Dia juga menjelaskan konsekuensi hukum atas perbuatan-perbuatan tersebut, termasuk potensi pidana yang dapat dikenakan kepada pelaku.
Menurutnya, melalui kegiatan ini, diharapkan para pelajar semakin memahami pentingnya menaati peraturan sekolah serta menjauhi tindakan yang dapat berujung pada permasalahan hukum.
Selesai penyampaian, selanjutnya dilaksanakan sesi tanya-jawab yang memberikan kesempatan bagi siswa untuk berdiskusi langsung dengan narasumber mengenai berbagai persoalan hukum mengenai perbuatan kenakalan remaja.
Di penghujung acara JMS, dilakukan pemberian souvenir kepada peserta didik dan foto bersama.

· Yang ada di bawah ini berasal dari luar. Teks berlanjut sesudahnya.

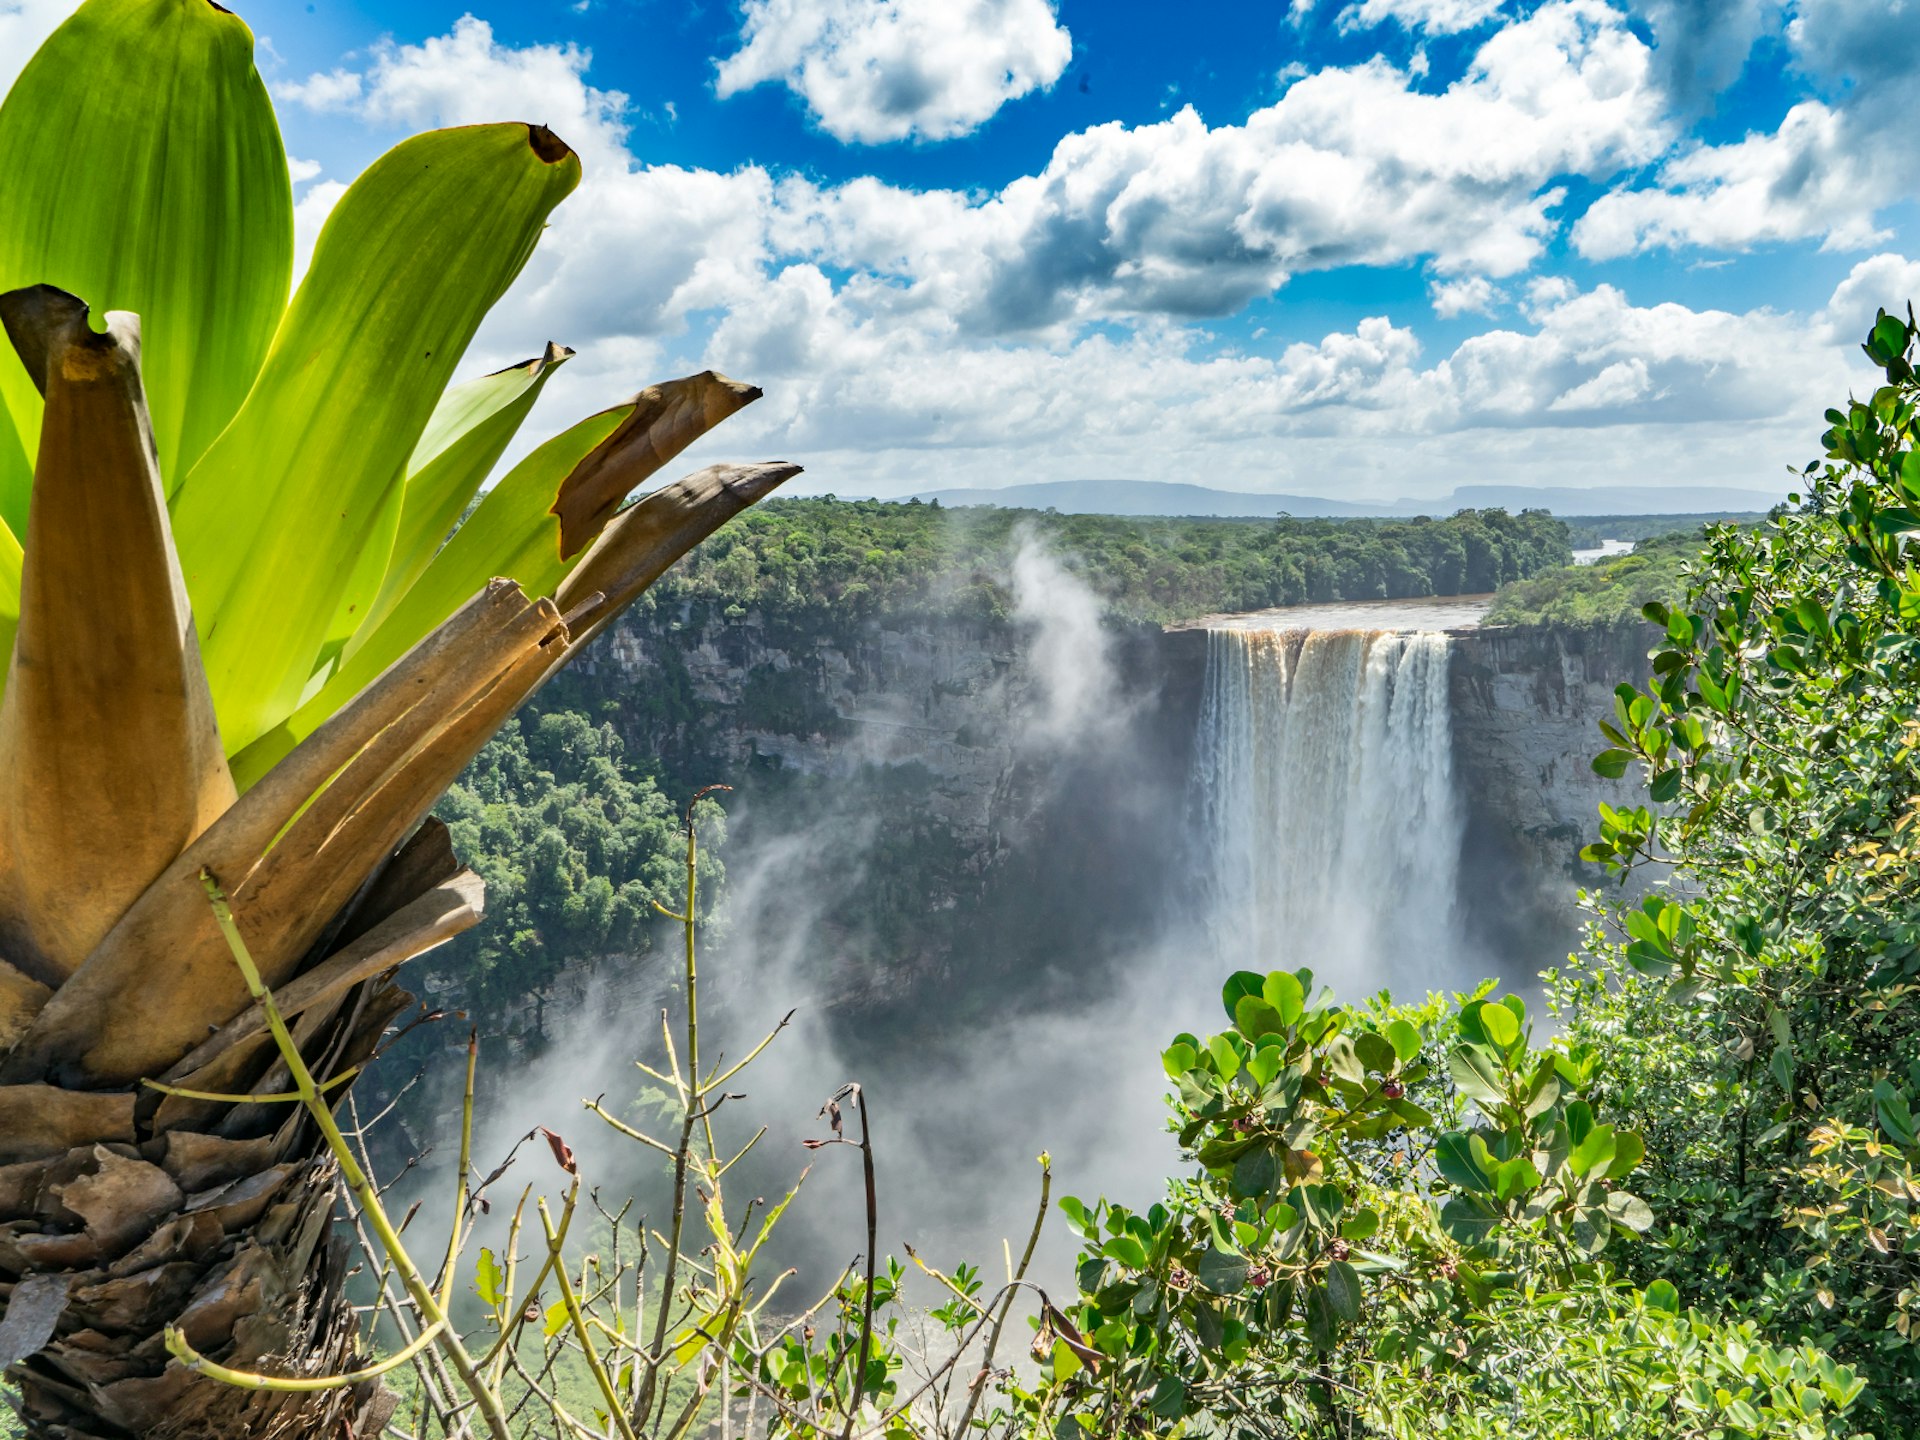 Guyana's Kaieteur Falls

Menurut pantauan, kegiatan penyuluhan hukum melalui program JMS itu berlangsung lancar dan tanpa adanya ancaman, gangguan, hambatan, dan tantangan (AGHT) berlangsung hingga pukul 12.00 WIB.
“Dengan adanya program ini, diharapkan kesadaran hukum di kalangan pelajar semakin meningkat, sehingga mereka dapat menjadi generasi yang lebih sadar dan patuh terhadap hukum,” demikian disampaikan Cabjari Aceh Selatan di Bakongan.(Maslow Kluet).